Las últimas actitudes del presidente iraní permiten sospechar que busca modificar su imagen internacional porque su frente interno le es cada vez menos favorable

Si Irán negocia, Occidente debe aceptar el desafío

Por Gilles Kepel (*)
Clarín, 11/03/08

Mahmud Ahmadinejad estuvo de visita oficial en Bagdad pocos días atrás. Teherán quiere ser protagonista central de cualquier perspectiva de salida de la crisis iraquí, y Washington se ve obligado a admitir ese papel.

Hace muy poco, la Casa Blanca tenía sobre el tapete la opción de un ataque estadounidense contra las instalaciones nucleares iraníes; el presidente de la República Islámica era un paria, con el que Occidente no quería tener nada que ver por su llamamiento a "borrar Israel del mapa". Se le acaba de recibir con todos los honores en un Irak que es un protectorado de Estados Unidos y lleva a cabo su gran regreso como superpotencia regional del Golfo Pérsico.

¿Por qué George Bush dejó que se recibiera en un país en el que hay 160.000 soldados estadounidenses al mascarón de proa del "Eje del mal"? ¿El triunfo de Ahmadinejad es tan importante como proclaman sus defensores?

Al margen de la paradoja, la realidad es más compleja y se inscribe en el proceso de apertura de un sistema de negociaciones globales en Oriente Medio, que aborde hasta el final el tema nuclear, la crisis de Líbano y Siria y el enfrentamiento palestino–israelí. Europa debería ser consciente de ello y dejar claro su papel, si es que desea tener algún peso en un futuro de paz para la gran región Europa–Mediterráneo–Golfo que será su espacio natural en el planeta globalizado del siglo XXI, entre la espada estadounidense y la pared asiática.

La visita de Ahmadinejad selló la influencia decisiva de Teherán sobre las diversas milicias iraquíes que, al pasar a la ofensiva contra los sunnitas y Al Qaeda en 2006, desencadenaron prácticamente una guerra civil.

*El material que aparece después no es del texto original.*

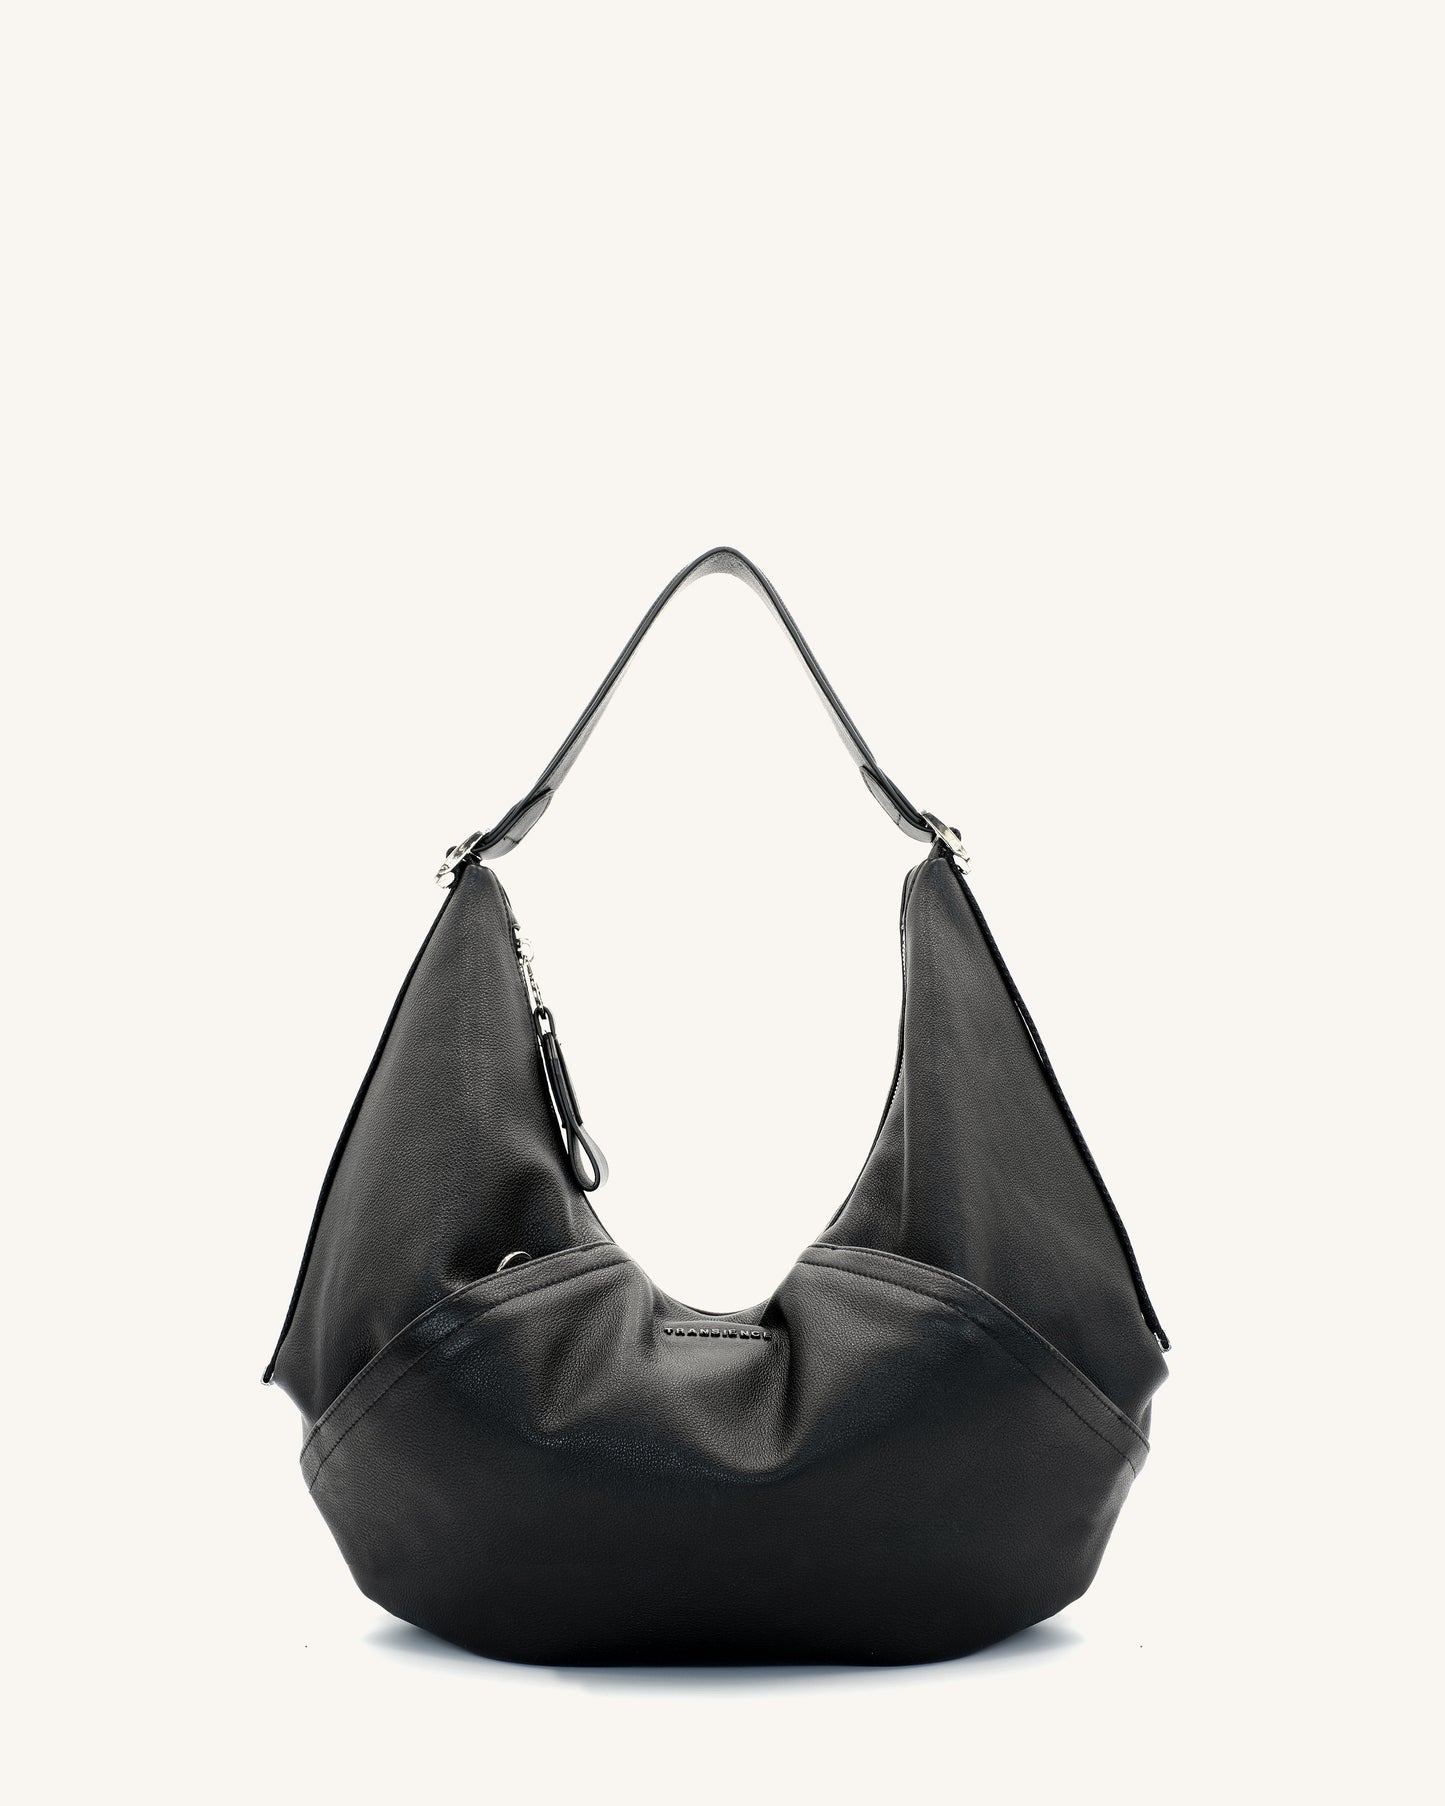 Hammock Bag - Black pebble leather

Las tribus y facciones sunnitas, excluidas del futuro político y económico iraquí y desposeídas de las rentas del petróleo, instruyeron al jefe de Al Qaeda en Mesopotamia, el jeque de los degolladores, Zarqaui, para emprender una yihad sanguinaria contra sus compatriotas chiítas, víctimas por excelencia de los atentados suicidas. Aunque se suponía que su objetivo eran solamente las tropas extranjeras infieles, lo cierto es que multiplicaron las matanzas de civiles iraquíes heréticos.

Después de dejar que se instalara el caos, que constituyó una enorme presión para el Ejército y los dirigentes estadounidenses, Teherán instó a sus protegidos chiítas en Irak a establecer una tregua: de ahí, en gran parte, el descenso de la violencia en 2007. Si Irak ha abandonado provisionalmente la primera plana de The New York Times durante este período electoral, es gracias a la República Islámica, más que al refuerzo por el que Bush envió 30.000 soldados más a principios de 2007.

Con ese paso, Irán se ha introducido en la campaña presidencial estadounidense, tal como hizo Jomeini con la crisis de los rehenes de la Embajada norteamericana durante los años 1979–1980, cuando contribuyó a la derrota de Carter y la elección de Reagan. Ahmadinejad confía, como su mentor, en negociar por un alto precio con McCain, Obama o Hillary Clinton.

Sin embargo, el presidente iraní no tiene una situación mejor dentro de sus propias fronteras que su colega George W. Bush. La política de enfrentamiento —al menos verbal— con EE. UU., Israel y Occidente se ha traducido en el empobrecimiento del país debido a las sanciones económicas y financieras, a pesar del alza extraordinaria de los precios de los hidrocarburos, que no reporta ningún beneficio a los ciudadanos iraníes, a diferencia de sus vecinos árabes.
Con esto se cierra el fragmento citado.